Ageism in Hollywood doesn't just affect opportunities for women, though — it affects their bank accounts, too.

On average, male movie stars reach their peak earning potential at age 51. For women, it's 34. Yeah, that's right. Men in Hollywood enjoy 17 more years of their stock rising, all while their female counterparts watch their values depreciate (rapidly) via their paychecks.

Sure, George Clooney may have to start enduring some "old guy" jokes at the party. But at least his paychecks haven't been shrinking due to those gray hairs of his.

Thankfully, more women are challenging the status quo.

A sketch by Amy Schumer featuring Tina Fey, Julia Louis-Dreyfus, and Patricia Arquette poking fun at Hollywood's ageist ways went viral earlier this year.

For three years in a row, Tina Fey and Amy Poehler hilariously took advantage of their national platform hosting the Golden Globes to call out the problem.

And — years after walking away from those opportunities to play a witch — Meryl Streep launched a screenwriting lab for women over 40 through the organization New York Women in Film and Television (NYWIFT).

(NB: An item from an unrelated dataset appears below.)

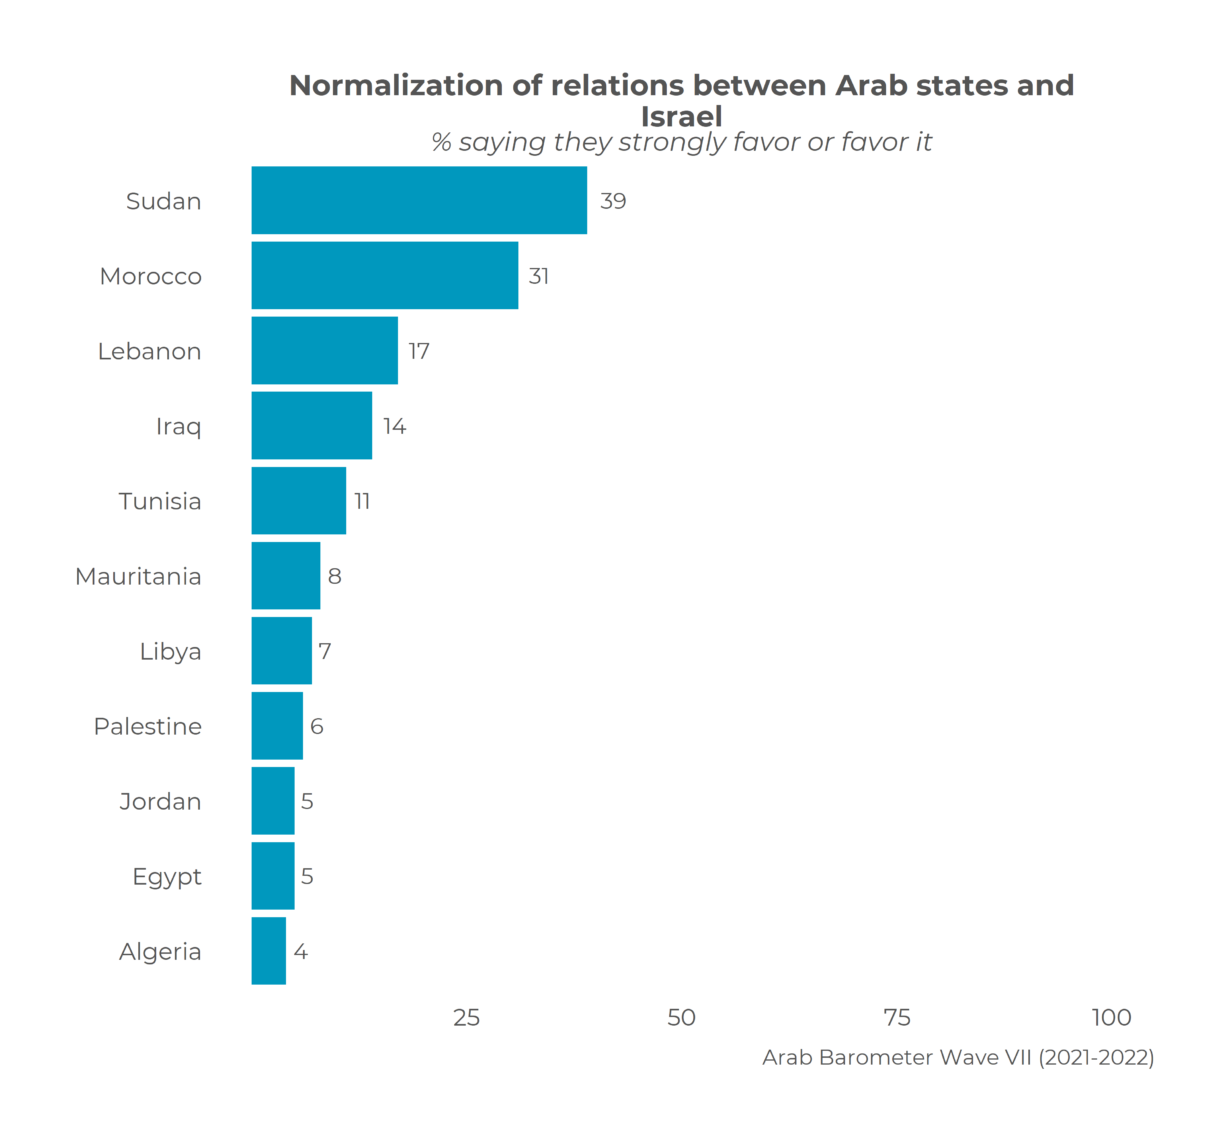 How Do MENA Citizens View Normalization With Israel?

Photo by Frazer Harrison/Getty Images.

“After decades of ageism and sexism in our culture and in our films, the complex voices of mature women are in danger of being lost entirely," NYWIFT director Terry Lawler said in a statement. "Women must address this inequality by taking ownership of that narrative."

Just like every other group, older women deserve for their stories to be told on screen.

Cheers to Monica Bellucci for adding her two cents to that narrative.